Ребенок сформировал языковую модель, и появился внутренний диалог. Теперь он может двигаться в этой модели без восприятия мира. Все говорят ему, какой он хороший, необычный, и его внутренний диалог ускоренно формирует личность. Модель мира развивается, развивается и движение от восприятия к языку и, главное, движение от языка обратно к образам. В этом трудном процессе важную роль играют страшилки. Вы знаете, что дети их особенно любят? Хорошая страшилка своей эмоциональностью стимулирует развитие движения от словесного прогноза к образам. Собственно, ведь сами образы и пугают. Не слова же? Это очень важный процесс. Он завершается тогда, когда ребёнок полностью осваивает создание образов под влиянием речи. Это видно по тому, что вдруг ребёнок начинает с удовольствием читать. Я думаю, ему восемь-десять лет. Ему становится интересно читать, потому что он умеет из речи создавать образы и ситуации в голове. Для этого его модель должна быть достаточно развитой, а механизм возврата от речи к образам должен окончательно сформироваться. В это время лучшее чтение – это хорошая фантастика: много необычных образов, стимулирующих завершение процесса. К четырнадцати годам внутренний диалог завершает формирование личности, и субъект в целом готов.
- А что потом? Потом ничего не происходит?
- Ну, почему же? Его модель развивается, оттачивается. Появляются специальные научные модели. Он учится наукообразию и прочей ерунде.
- Какому наукообразию? Зачем он учится ему?
- Это не все делают, только некоторые. Ещё один вид вранья для взрослых. Это делается так. В речи одни имена понятий заменяются на другие. У слушателя создается впечатление, что это другие понятия и, следовательно, несколько другие отношения лежат в основе модели. Возникает сомнение в адекватности своей модели тому, о чём говорит хитрец. Короче говоря, возникает неуверенность, которая обезоруживает слушателя. После этого фразы «вы ничего не понимаете в этом», «как, вы даже этого не знаете» и подобные им становятся успешными и завершают разгром. Ну, да ладно. Этим долго не продержишься. В конце концов слушатель поймёт, что под словом дискурс подразумевается обычный разговор.

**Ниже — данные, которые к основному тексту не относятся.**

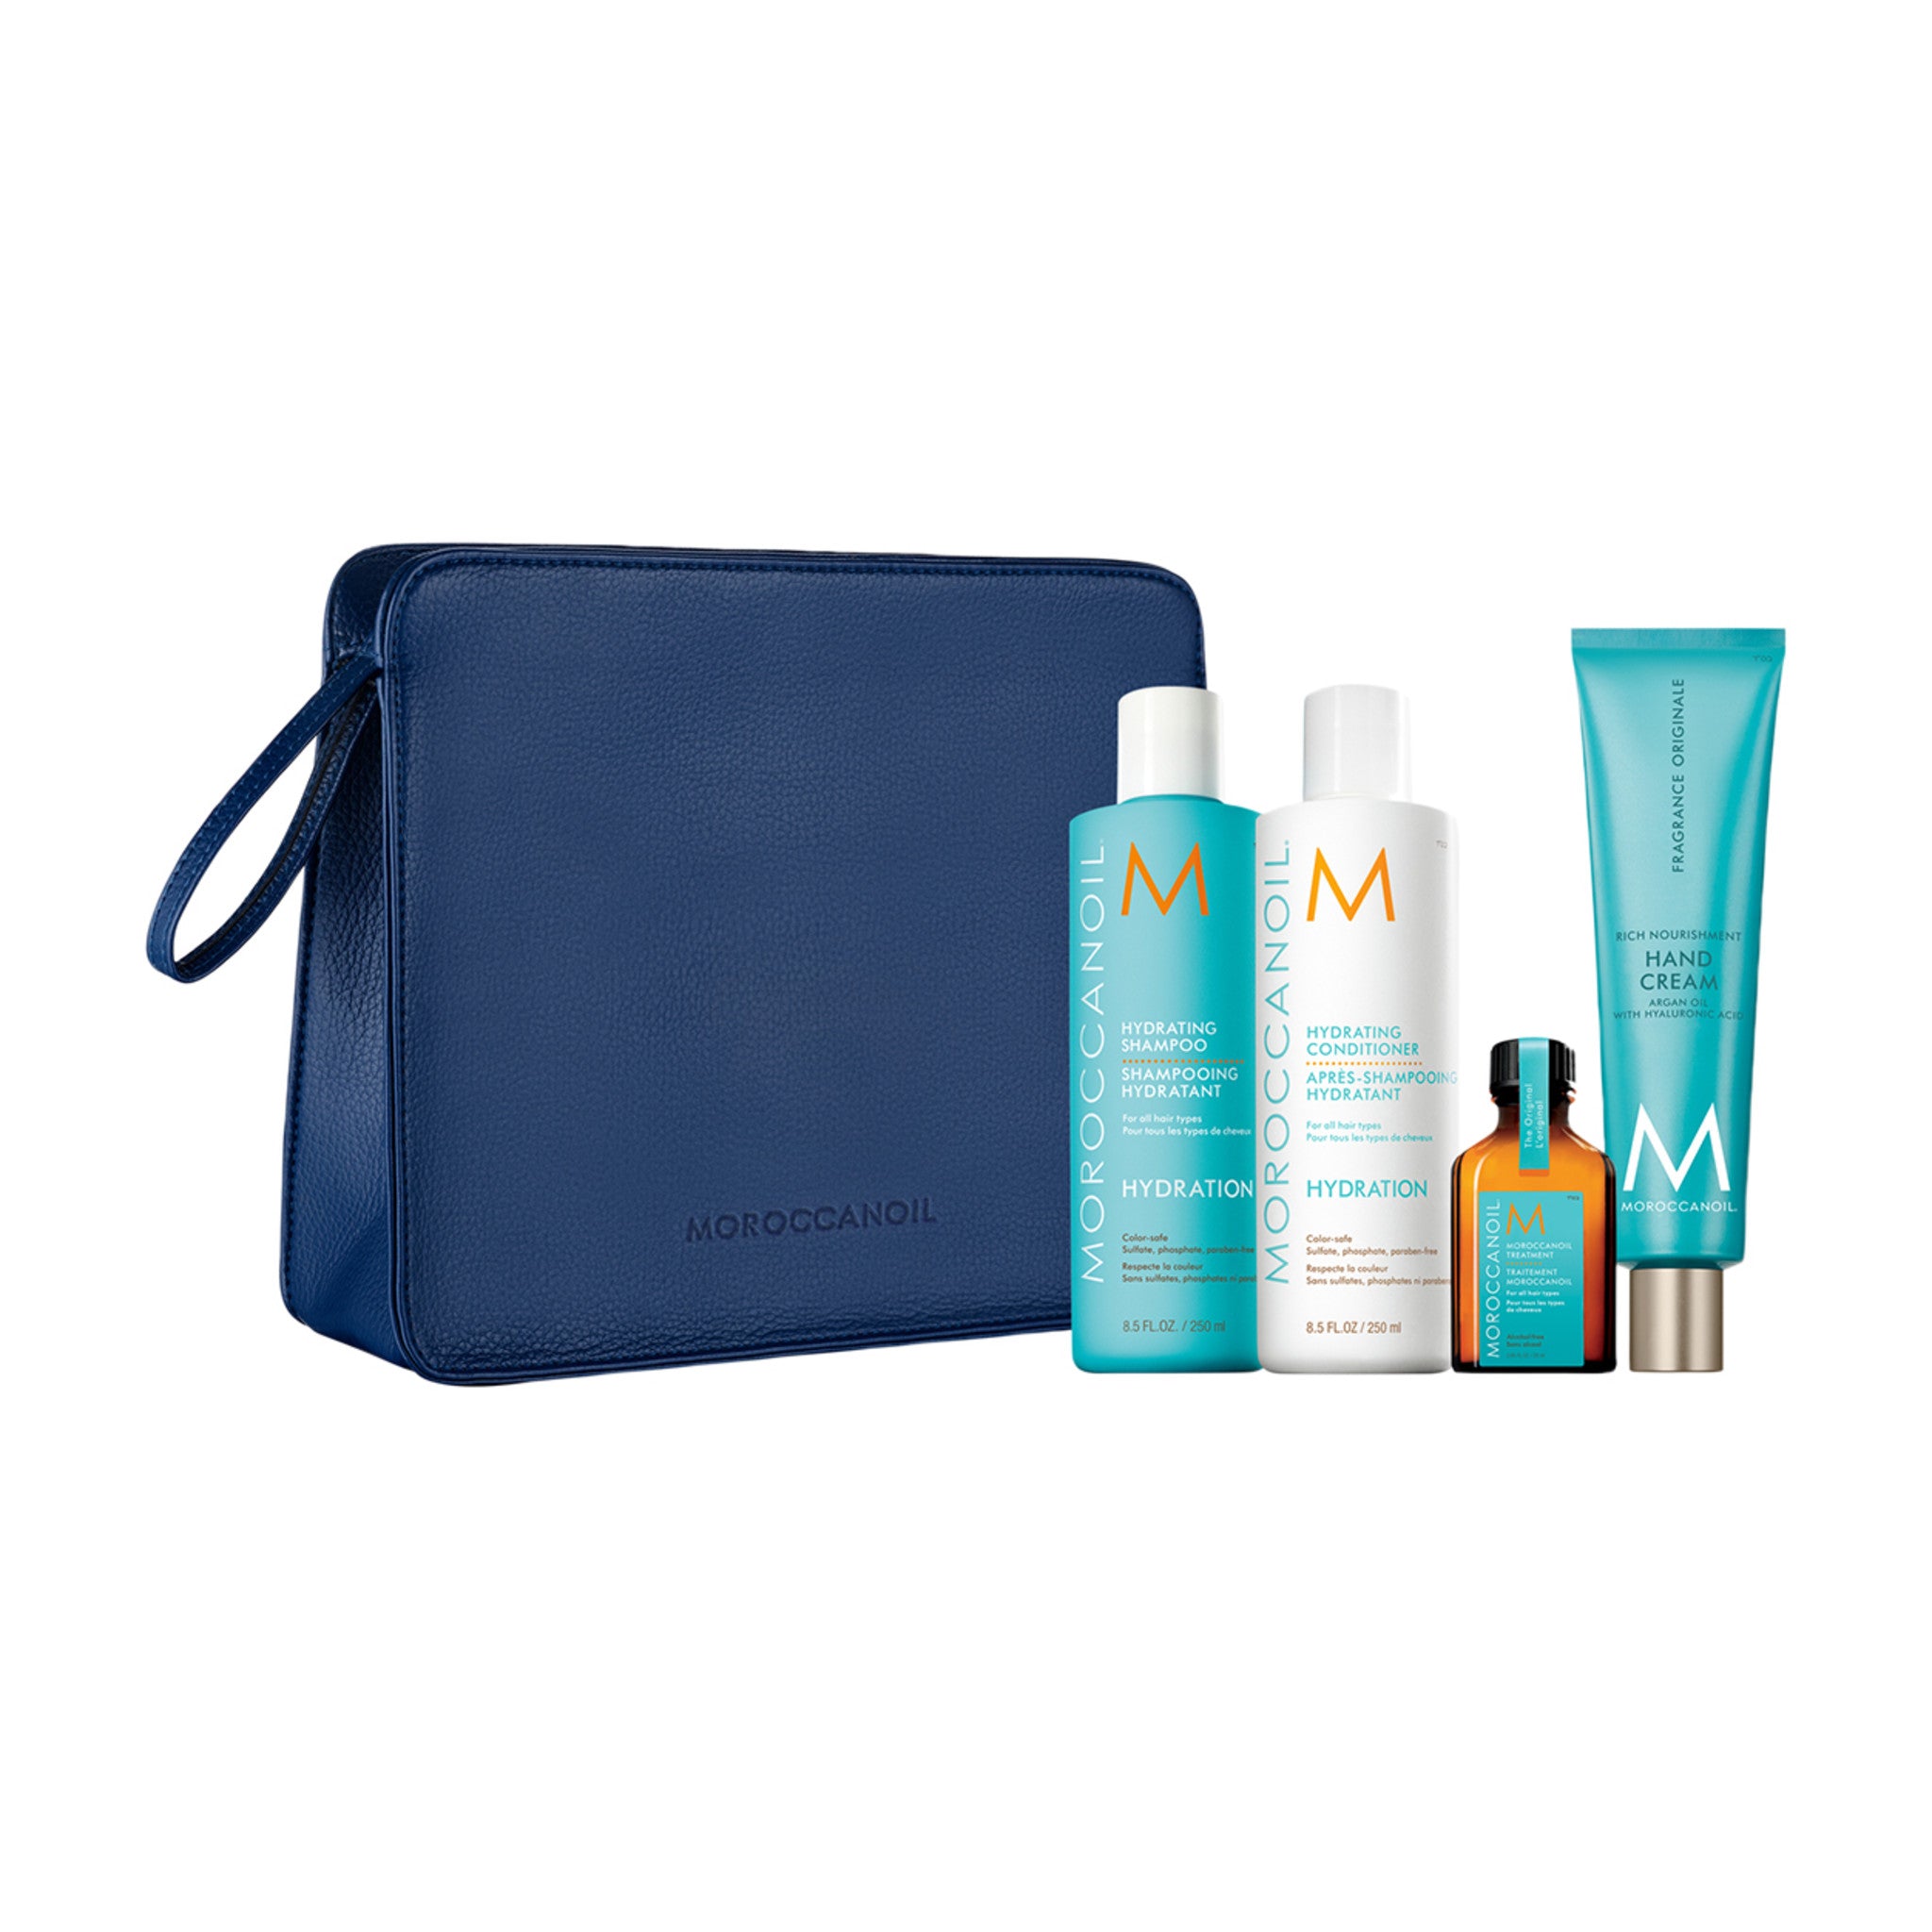 Moroccanoil Hydration Gift Set (Limited Edition) main image.

- А дальше? Как дальше развивается?
- А что дальше? Дальше старость. Модель огромная, дефекты накапливаются, физиология слабеет. Первое, что не выдерживает напора времени – всё чужеродное, а именно, языковая модель. Она отслаивается от классификационной модели. Это выражается в том, что люди забывают слова. Дело не совсем в памяти. Они знают, какое слово им надо, могут объяснить это, но самого слова не помнят. Иначе говоря, классификационная модель работает как часы, а языковая начинает давать сбои.

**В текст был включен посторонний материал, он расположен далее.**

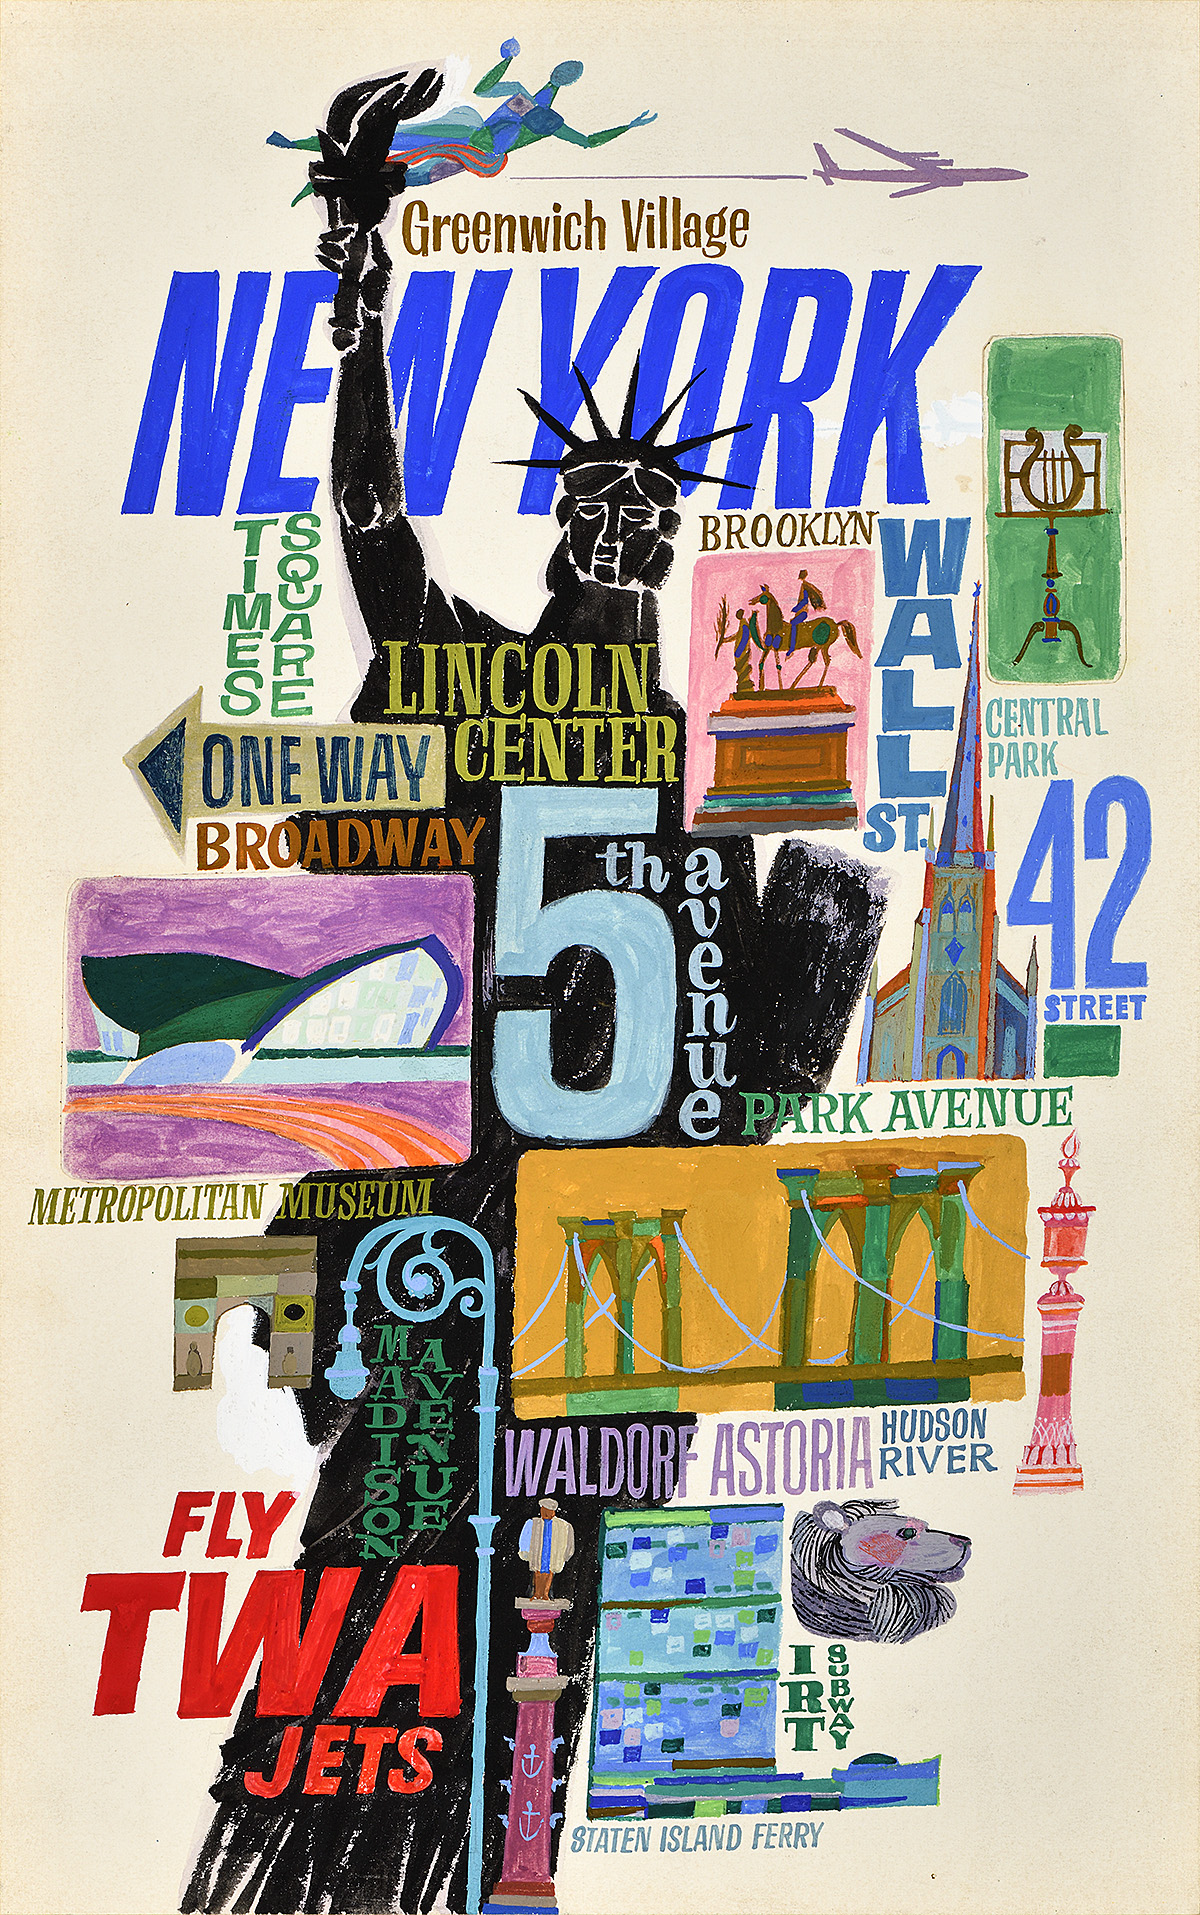 A painting-style poster made up of text and images of of various locations in Manhattan.

- Да, интересная история, - задумчиво произнёс Дорожная Пыль. – И всё же главная задача мышления выполняется: мы предсказываем поведение объектов даже без слов.

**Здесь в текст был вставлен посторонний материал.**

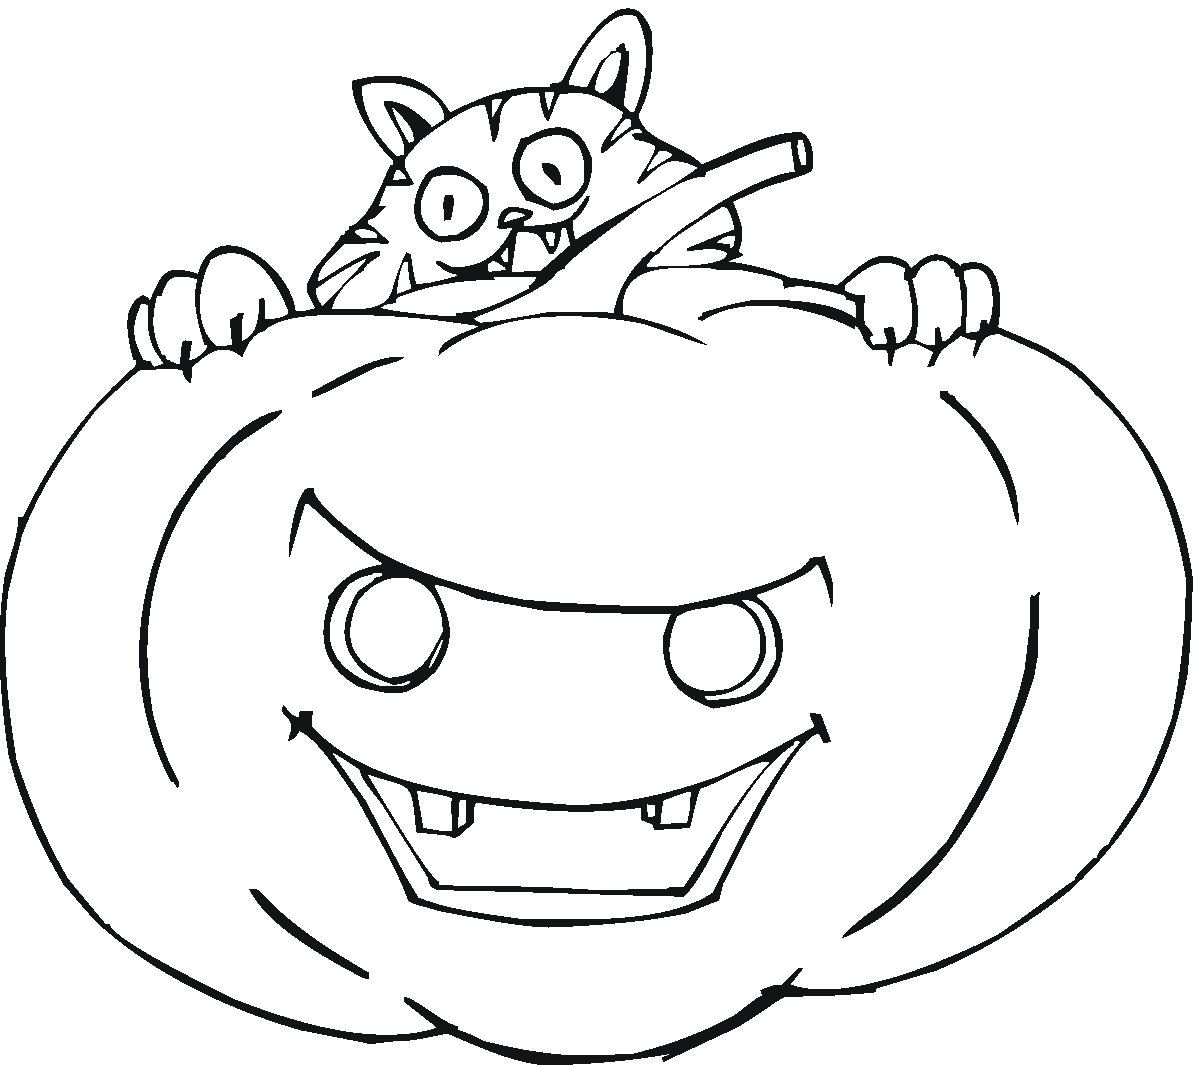 halloween pumpkin pictures to print and color pumpkin coloring pages 360coloringpages to print halloween and pumpkin pictures color

- Возможно, вы удивитесь, но главная созидательная задача мышления человека не эта. Задача предсказания – это вопрос выживания; и решается он одинаково всеми владельцами классификационной модели. Но человек идёт дальше. Его не просто интересует прогноз. Он хочет сделать так, чтобы данные отношения были там, где ему нужно. Он хочет созидать, созидать отношения. Он хочет быть подобен Господу. Даже в отсутствии языка созидательная функция отличает человека от животных. Язык здесь не причём. Для созидания человек использует оборот причин и следствий.